Highlighting the state of the economy in the current fiscal 2022-23, the government survey is expected to say that growth is seen at 6.5% for FY24 under the baseline scenario. 

Meanwhile, nominal growth is likely to be forecast at 11% for 2023-24, according to a report.

It will be formulated under the supervision of Chief Economic Advisor (CEA), V Anantha Nageswaran.

Growth will remain strong in the financial year beginning April 1 led by a pick-up in lending by banks and improved capital spending by corporations, the survey will likely say, the report added.

The Economic Survey will be tabled on Tuesday after the President's address.

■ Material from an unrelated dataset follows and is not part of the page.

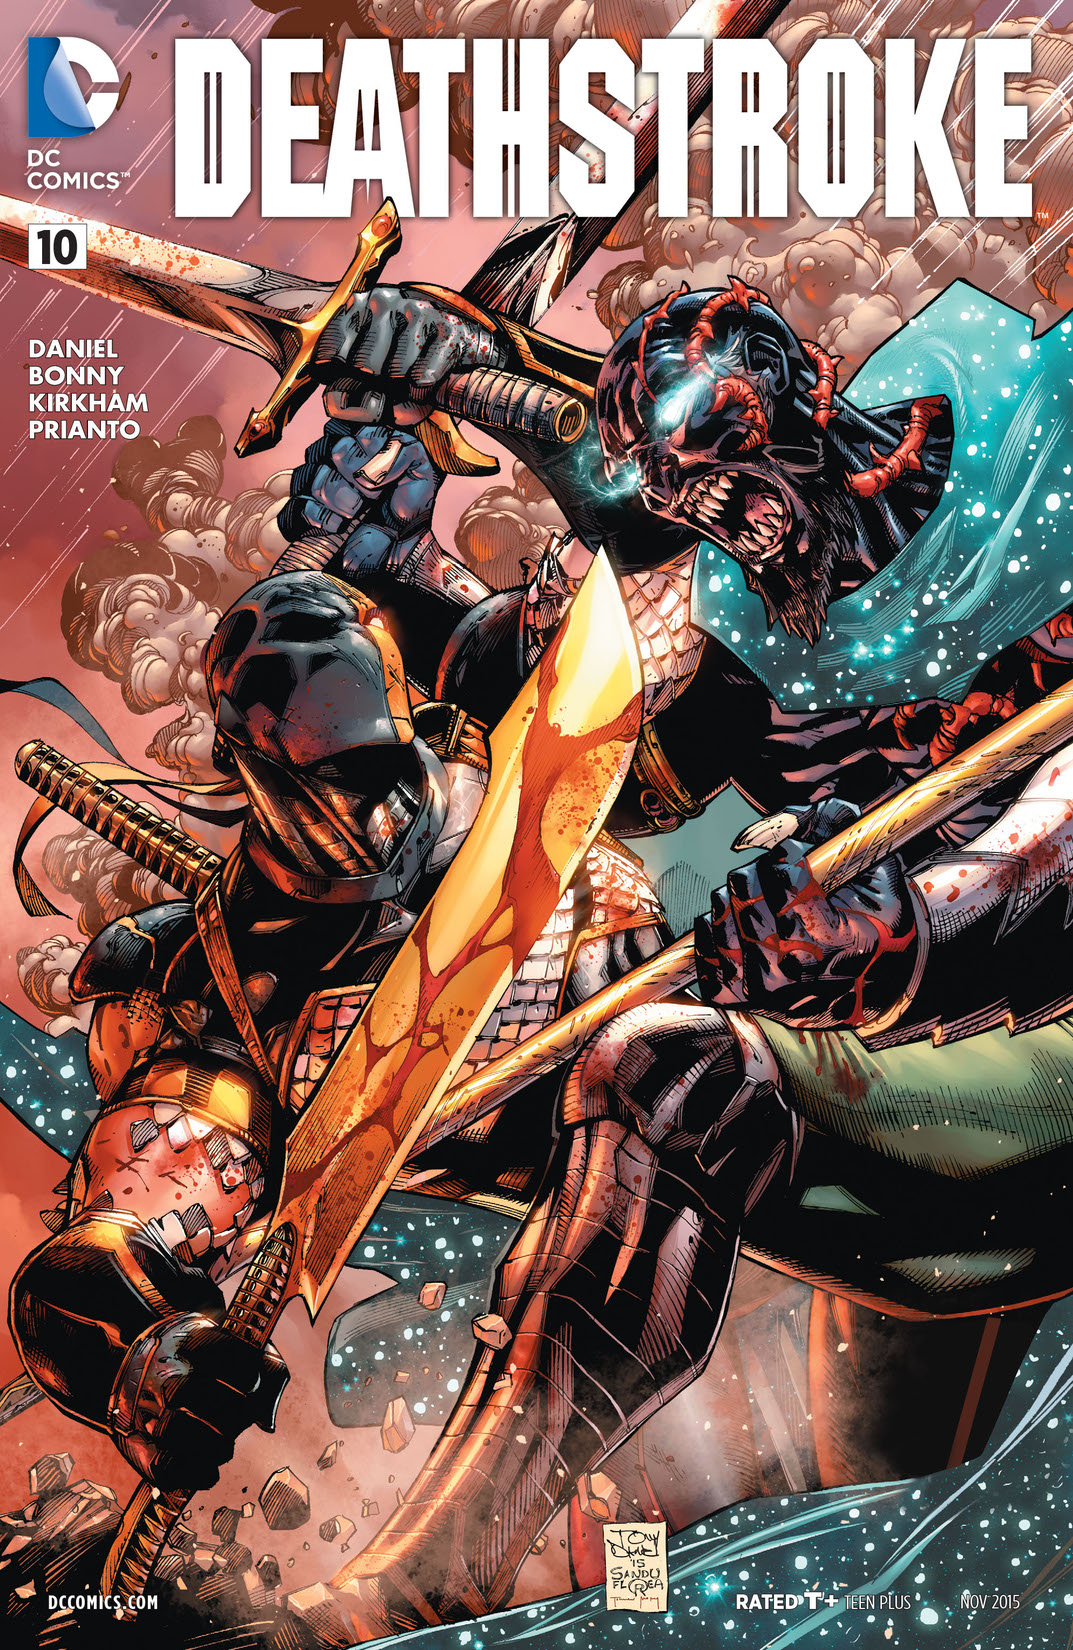 Deathstroke (2014-) #10 preview images

The survey will outline the state of the Indian economy for the current fiscal and the outlook for the next financial year.

Union Finance Minister Nirmala Sitharaman will table the pre-Budget Economic Survey. Later, CEA Nageswaran will hold a press conference along with other senior officials of the finance ministry.

India's economy has rebounded since the COVID-19 pandemic, but the Russia-Ukraine conflict has triggered inflationary pressures and prompted central banks, including India's, to reverse the ultra-loose monetary policy they adopted during the pandemic.

The survey will likely caution that pressure on the Indian rupee could continue due to the tightening of monetary policy, the source said. India's current account deficit (CAD) may also remain elevated as imports could remain high due to a strong local economy while exports ease due to weakness in the global economy, the survey will likely caution.

India's CAD was 4.4% of GDP in the July-September quarter, higher than 2.2% a quarter ago and 1.3% a year ago, as rising commodity prices and a weak rupee increased the trade gap.

Even a growth of 6.5% could keep India among the fastest growing economies in the world, despite losing pace from an estimated 7% in the current fiscal year that ends on March 31. It has grown at 8.7% in the previous year mainly due to pandemic-related distortions.